Most creditors would be unable to recover debts from you if you file for bankruptcy. Once the automatic stay is in place, a creditor must get a court order before proceeding with or commencing a collection action. However, the automatic stay does not apply to the majority of child support processes, including:
A Chapter 13 debt discharge is a court judgment that relieves the debtor of all dischargeable debts. You are not required to repay debts that have been discharged. Creditors are also barred from attempting to recover debts after the lawsuit has been resolved.
You must finish the payments indicated in your repayment plan if you qualified for Chapter 13 bankruptcy. Furthermore, before you can be discharged, you must adhere to the following:
In Chapter 13, you pay your unsecured creditors an amount ranging from 0% to 100% of what you owe them. The precise cost is determined by the following rules:
(1) The minimum payment is equivalent to the amount your unsecured creditors would have gotten if you had qualified for Chapter 7 bankruptcy.
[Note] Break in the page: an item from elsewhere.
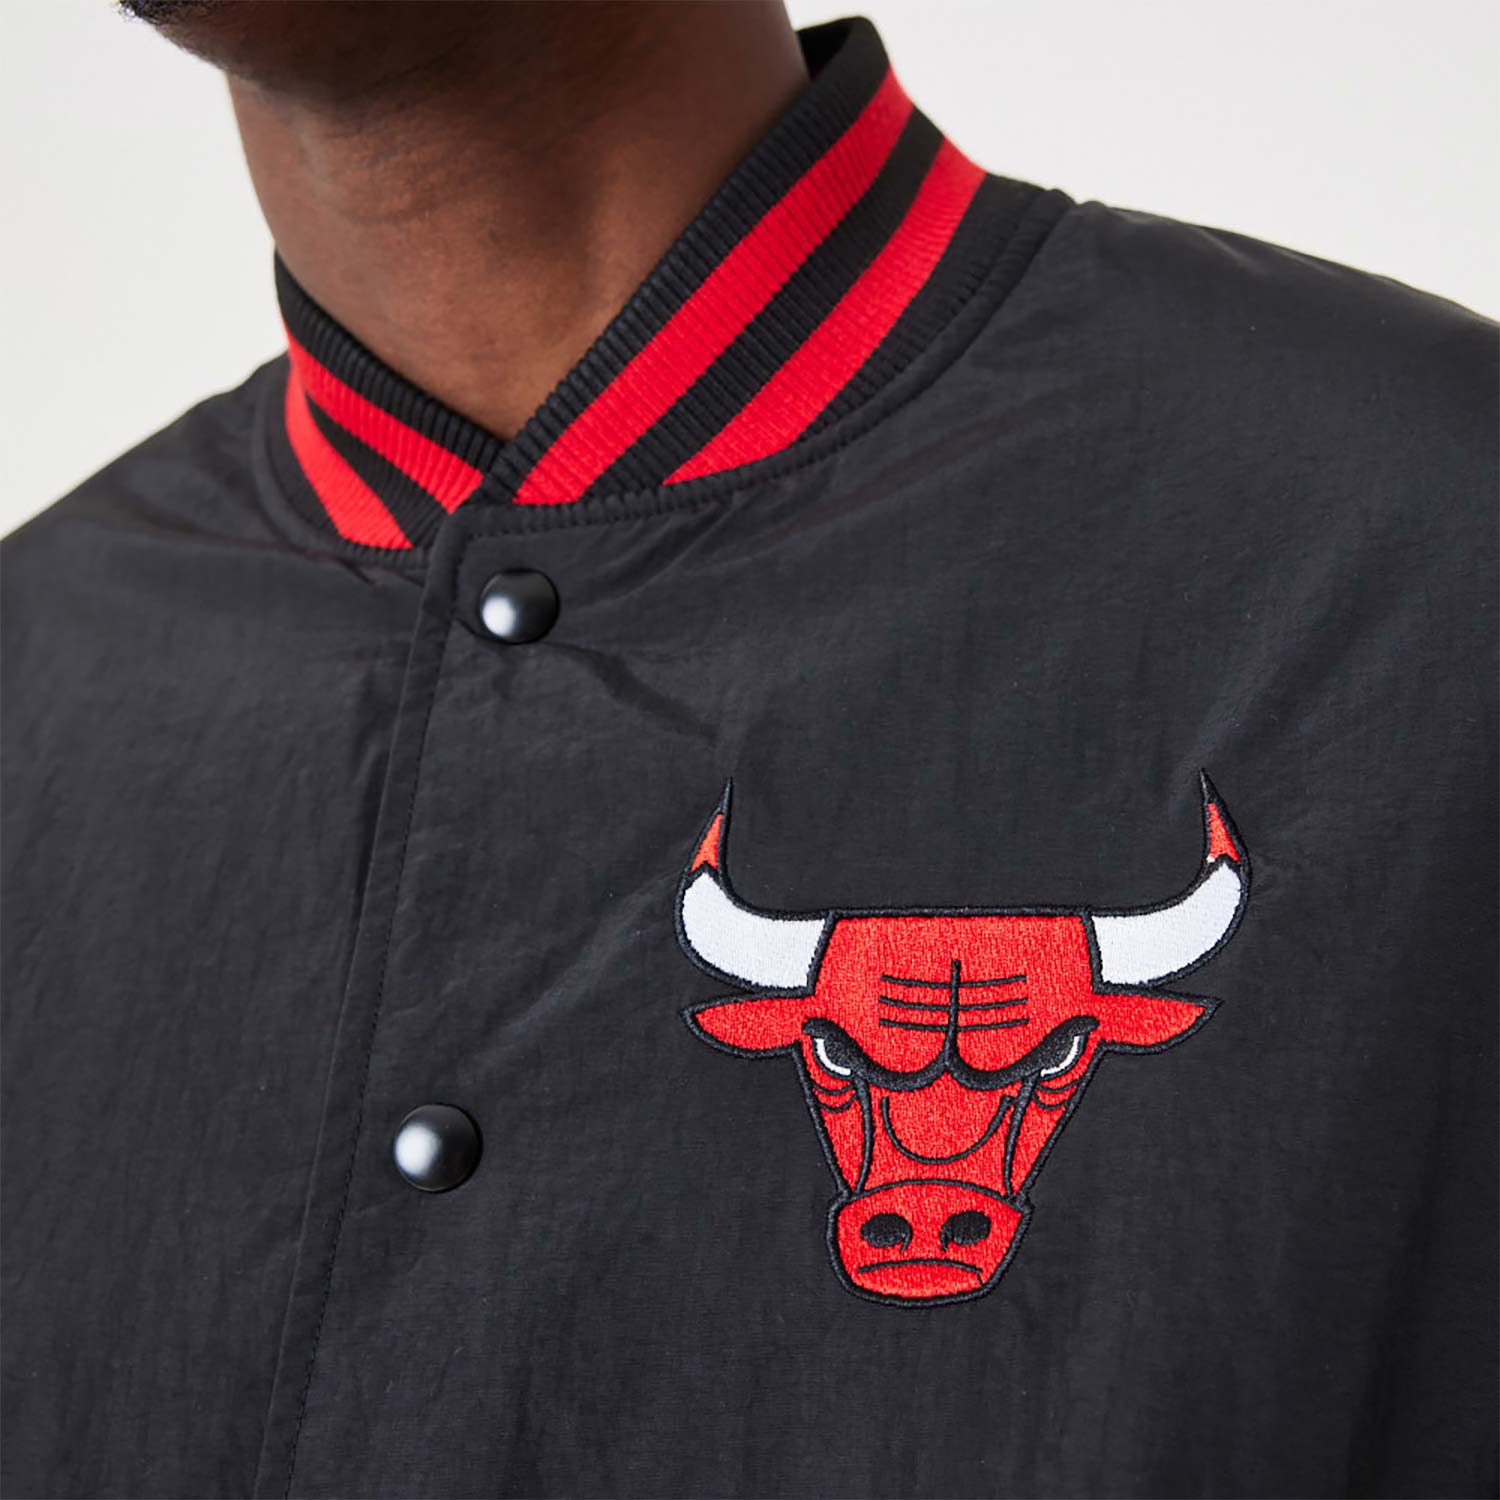 Chicago Bulls NBA Script Black Bomber Jacket

This amount is mostly determined by how much of your estate is exempt.
(2) You must also devote all of your available funds to your repayment plan. This could imply paying your unsecured creditors more than they would have obtained if you had applied for Chapter 7 bankruptcy. The law of bankruptcy has established formulae for assessing your disposable income.
Individuals may use a Chapter 13 action to avoid foreclosure on their home. The repossession procedure is halted by the automatic stay as soon as the individual submits the Chapter 13 application. The individual can then bring the past-due payments up to date over a reasonable timeframe. Nonetheless, if the mortgage company finalizes the foreclosure sale under state statute before the debtor files the application, the debtor could still lose his home. If the debtor fails to make the monthly loan repayments that become due after the Chapter 13 filing, the debtor may end up losing his home.
The Chapter 13 trustee must conduct a meeting of creditors between 21 and 50 days after the debtor files the Chapter 13 application. If the trustee or bankruptcy administrator arranges the meeting in a location that does not have regular U.S. trustee or bankruptcy administrator personnel, the meeting must take place no later than 60 days after the debtor files. During this meeting, the trustee administers an oath to the debtor, and both the trustee and creditors may pose questions. The debtor is required to attend the session and respond to questions about his or her financial situation as well as the suggested parameters of the plan.
Concerns with the plan are usually resolved during or shortly after the creditors’ meeting. In general, the debtor can prevent complications by ensuring that the application and plan are thorough and precise, as well as speaking with the trustee before the meeting.